Overview

This trial is active, not recruiting.

Condition breast cancer
Treatment igrt for prone partial breast irradiation (pbi)
Phase phase 1/phase 2
Sponsor New York University School of Medicine
Start date September 2007
End date September 2019
Trial size 310 participants
Trial identifier NCT02272400, S07-582

Summary

Partial breast irradiation (PBI) is becoming a new paradigm for breast cancer radiation.[1] No type I or II evidence is currently available to demonstrate equivalence to standard whole breast radiotherapy, and a prospective randomized trial jointly sponsored by NSABP and RTOG (NSABP B-39 and RTOG 0413) is currently accruing patients, comparing whole breast radiotherapy to PBI, either by brachytherapy or external beam techniques (EB). Until the results of this or similar trials are available, PBI remains a research domain, and it should be offered to patients only in the context of a clinical experimental protocol.

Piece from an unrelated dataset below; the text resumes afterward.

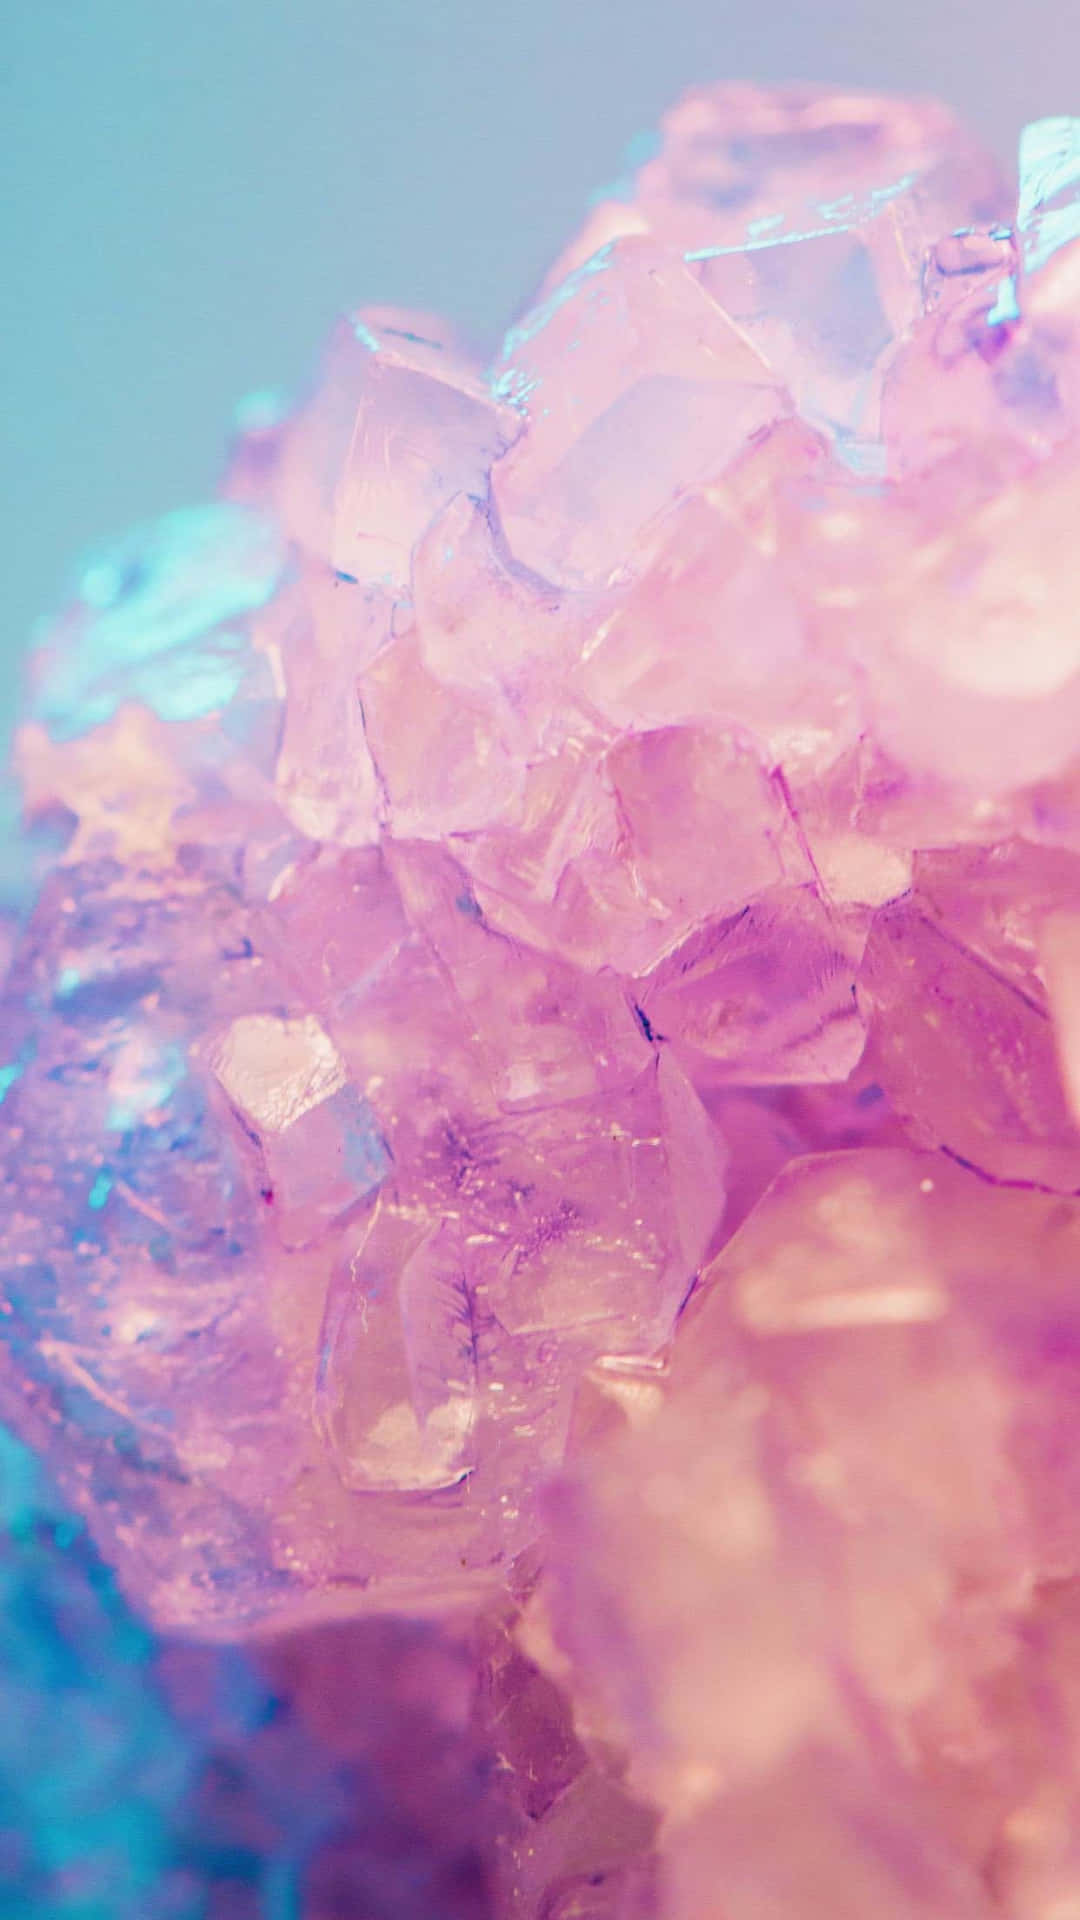 The beauty of a sparkling aesthetic crystal. Wallpaper

United States No locations recruiting
Other Countries No locations recruiting

Study Design

Endpoint classification safety/efficacy study
Intervention model single group assignment
Masking open label
Primary purpose treatment
Arm
(Experimental)
IGRT for prone partial breast irradiation (PBI): All patients will be treated prone with 6 Gy/fraction delivered in 5 fractions over a 1-week period for a total dose of 30 Gy.
igrt for prone partial breast irradiation (pbi) IGRT
IGRT for prone partial breast irradiation (PBI): All patients will be treated prone with 6 Gy/fraction delivered in 5 fractions over a 1-week period for a total dose of 30 Gy. Simulation and treatment will be started within 50 days from surgery in order to maximize the chances of optimal lumpectomy cavity visualization on the planning and cone beam CT scans. All patients will be followed monthly for the first 90 days then q3 months for the first year, then yearly for the next 10 years.

Primary Outcomes

Measure
Measure the outcome of applying IGRT to PBI
time frame: 10 years

Secondary Outcomes

Measure
Feasibility of accelerated dose fractionation
time frame: 1 - 10 years
Genetic pre-disposition of patient to post-treatment radiation fibrosis
time frame: 1 - 10 years

Eligibility Criteria

Female participants from 18 years up to 65 years old.

Inclusion Criteria: - Post-menopausal women defined as either: 1. at least 2 years without menstrual period or 2. patients older than 50 with serological evidence of post-menopausal status or 3. hysterectomized patients of any age with FSH confirmation of post-menopausal status - pT1 breast cancer, excised with negative margins - pN0 or sentinel node negative or N0 clinically if the tumor is < 1 cm in size Exclusion Criteria: - Previous radiation therapy to the ipsilateral breast - Presence of a proportion of DCIS in the core biopsy specimen which is compatible with extensive intraductal component (EIC)

Additional Information

Official title Image Guided Radiotherapy (IGRT) for Prone Partial Breast Irradiation (PBI)
Principal investigator Silvia C Formenti, M.D.
Description Despite the fact that less extensive experience than that of brachytherapy is available, PBI delivery through an external-beam has many advantages. First of all, it is likely to be more acceptable to the patient since it is non-invasive and it does not require a surgical procedure or anesthesia. Moreover, since it is delivered after surgery, the pathological analysis of the segmental mastectomy specimen is available to inform the selection of the best candidates. In addition, EB-PBI is likely to become more widely reproducible, since it does not rely on the experience and skills of the radiation oncologist performing the brachytherapy implant. Besides, once the technique is established, it can be widely applied at any facility provided with a linear accelerator, without the risk presented by some brachytherapy approaches that can not be completed because of the unfavorable interplay of patient's anatomy with the technical limitations of the applicator. Finally, in terms of health care economics, an external beam approach spares the costs of an extra surgical procedure and that of several days of hospitalization (in the case of LDR brachytherapy).
Trial information was received from ClinicalTrials.gov and was last updated in September 2016.
Information provided to ClinicalTrials.gov by New York University School of Medicine.